Saint John of God (1495-1550) was, like St. Camillus, an unlikely candidate for sainthood. Portuguese by birth, he fought in the French/Spanish wars, and later against the Turks in Hungary. However, it wasn’t until he was forty that he decided to amend his life and became a peddler of religious pictures. And it wasn’t until he was forty-three that he heard St. John of Avila, the great preacher, in Granada. Upon hearing the noted homilist, St. John of God “beat his breast, imploring mercy. Then, as though demented, he ran about the streets, tearing his hair and behaving so wildly that he was pelted with sticks and stones.” Eventually he was placed in an asylum, whence John of Avila procured his release and suggested the idea of working with the sick and the poor. John of God seized on this idea and threw himself into the work as frantically as he had formerly behaved in remorse for his sins—that is, fully and completely. Though totally untrained in medicine, and having no plan to found a religious order, St. John of God wound up the father of the Brothers Hospitallers, whose order wasn’t recognized until six years after his death. His feast day is March 8.
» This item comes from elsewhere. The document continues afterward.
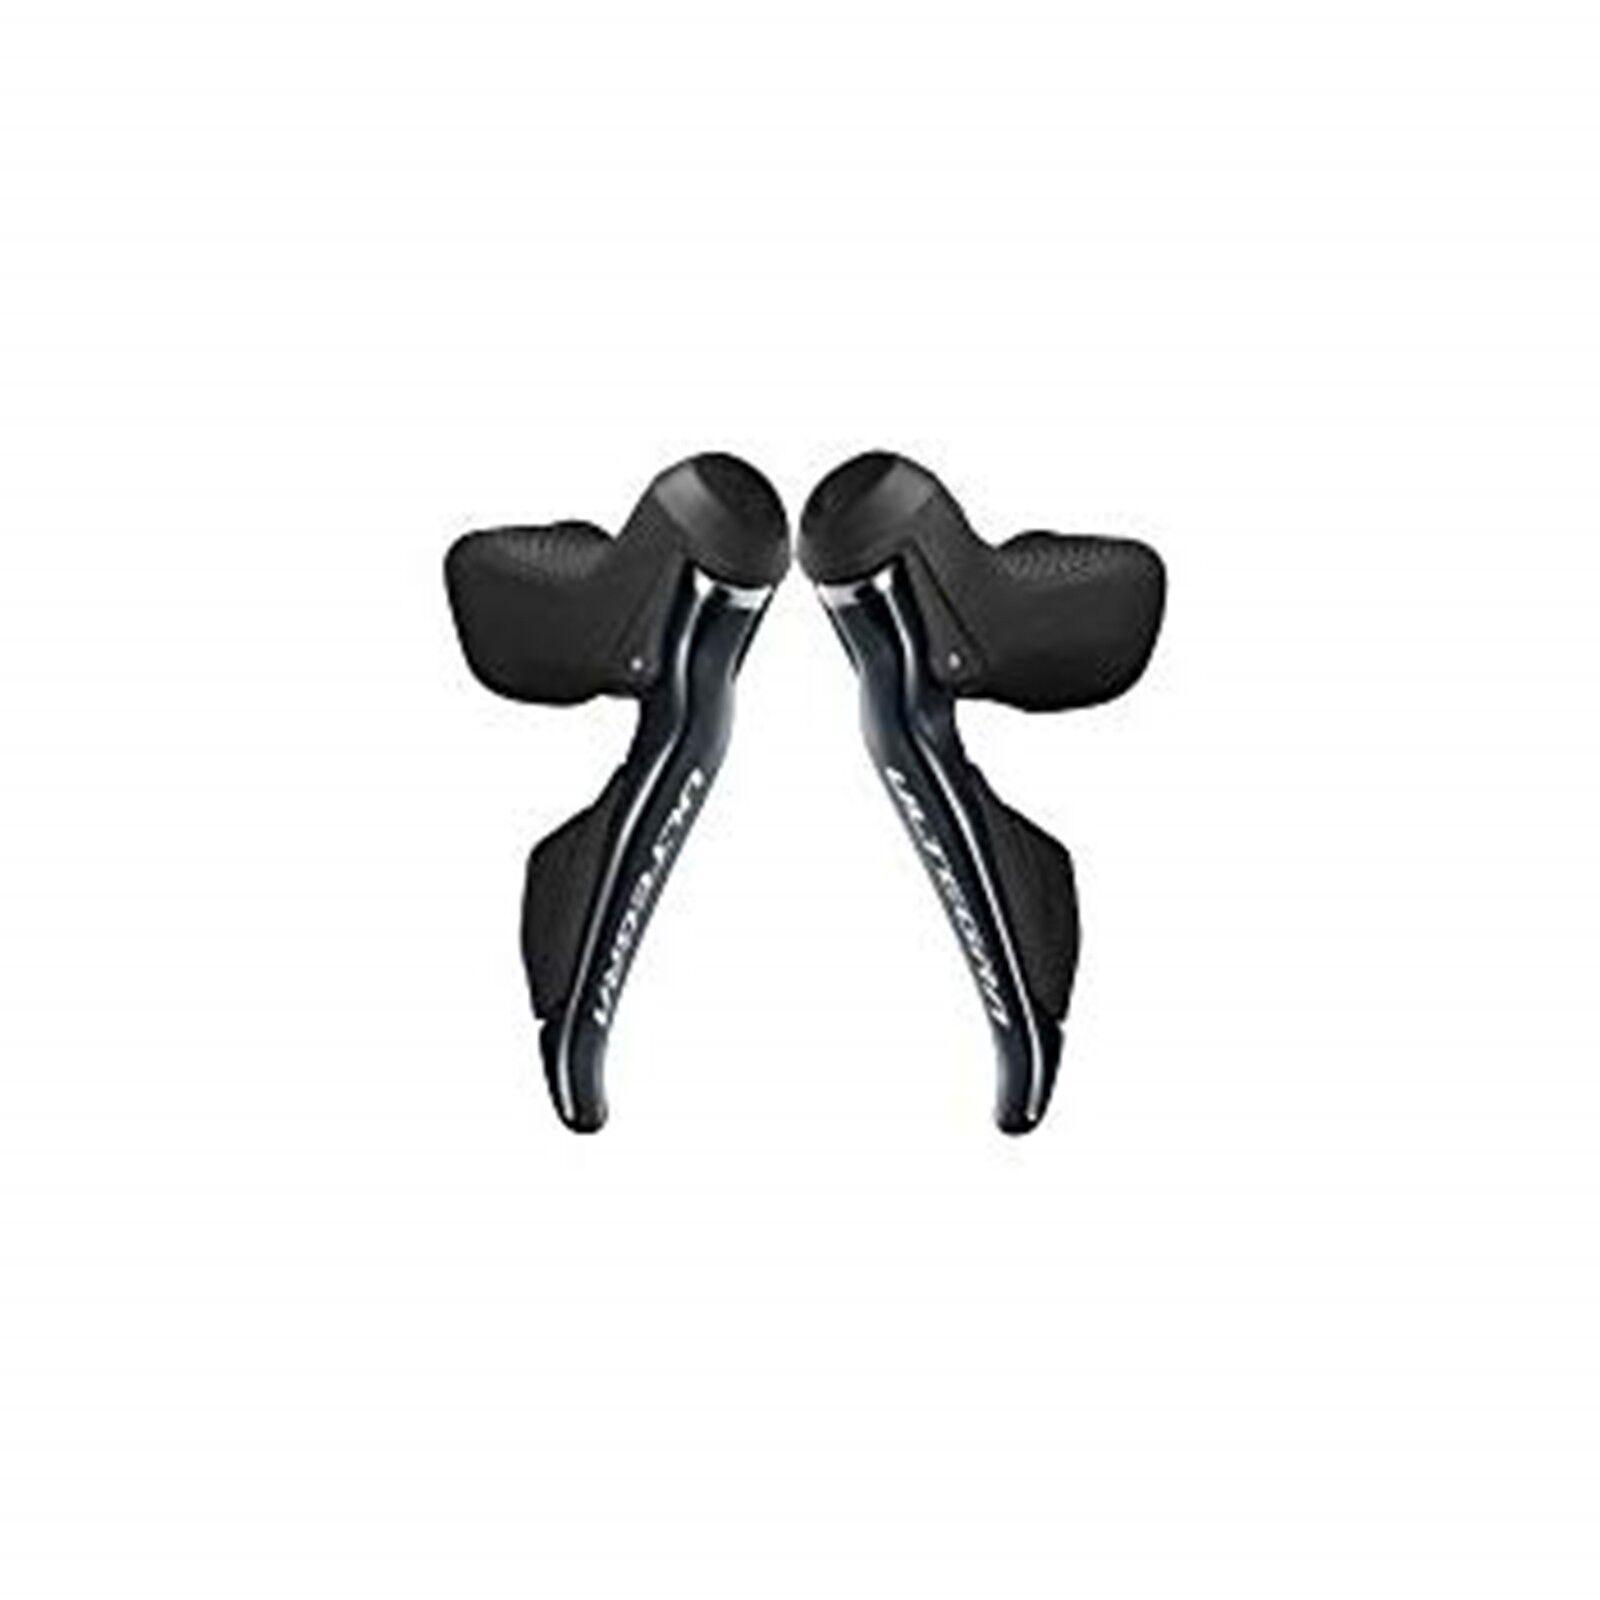 Shimano Ultegra ST-R8070 2x11 Dual Control Palanca Izquierda Derecha Par ISTR 8070PA Nuevo
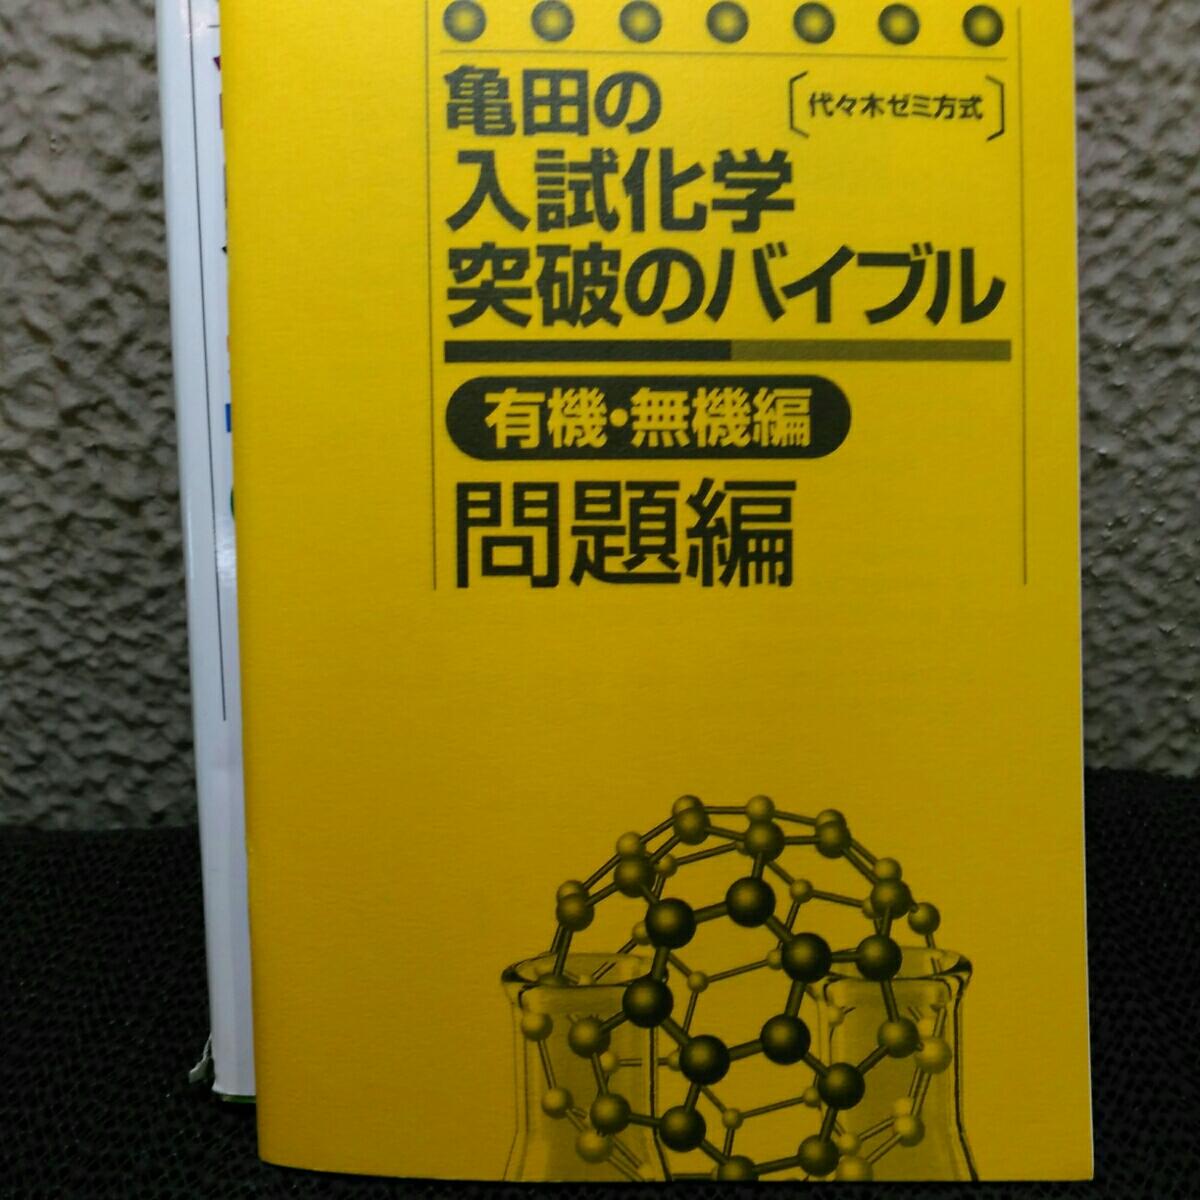 亀田の 入試化学突破のバイブル_画像2

Saint Martin de Porres (1579-1639) was a Dominican lay brother of mixed-race descent in Lima, Peru. One of his first assignments (which wound up being a permanent one) was to work in the infirmary—a job for which he felt ill-equipped, as his only medical training had been as an apprentice to a barber/surgeon at the age of twelve. However, St. Martin had miracles in spades on his side, and what he lacked in formal education he more than made up for by his constant care of the sick, in and out of the infirmary. Indeed, he took to the streets of Lima, and according to Butler’s Lives of the Saints, “established an orphanage and a foundling hospital with other charitable institutions attached.” And his charity extended beyond that of his human brethren, as he kept a home for dogs and cats at his sister’s residence, and even showed affection for mice and rats. St. Martin was a contemporary of his fellow Peruvian, St. Rose of Lima. His feast day is November 3.

St. Giuseppe Moscati (1880-1927) continued the tradition of Italian saint-doctors who had surprisingly short lifespans. Born in Naples and educated at that university’s medical school (specializing in liver diseases), St. Giuseppe was put in charge of fighting the cholera epidemic that broke out in Naples in 1911.  Unique to this saint vis-à-vis many other doctor-saints was his status as both a physician and a scientific researcher. Indeed, he was made a member of the Italian Royal Academy of Surgical Medicine, and received his doctorate in physiological chemistry. Further, he was an innovator in medicine, being among the first to study and apply insulin to the treatment of diabetes, the disease that took his mother. Still, his main work was with the sick poor. He died suddenly in 1927 and was canonized by Pope St. John Paul II in 1987. His feast day is November 16.

St. Gianna Beretta Molla (1922-1962) is a modern-day saint, and like her compatriots Anthony Zaccharia and Giuseppe Moscati, was all too short-lived. A pediatrician by training, St. Gianna was also a wife and mother. The product of a large family (she was the tenth of thirteen children) St. Gianna gave birth to only three children herself, and the problematic pregnancy of the final one proved to be a long drawn-out death sentence—which she bore with patience, perseverance and grace, despite excruciating pain and suffering. Canonized by Pope St. John Paul II less than a year before his own death, St. Gianna is not only the model of the professional woman and wife and mother, but an example that sanctity is possible, necessary even, for those who work in the field of medicine. Her feast day is April 28.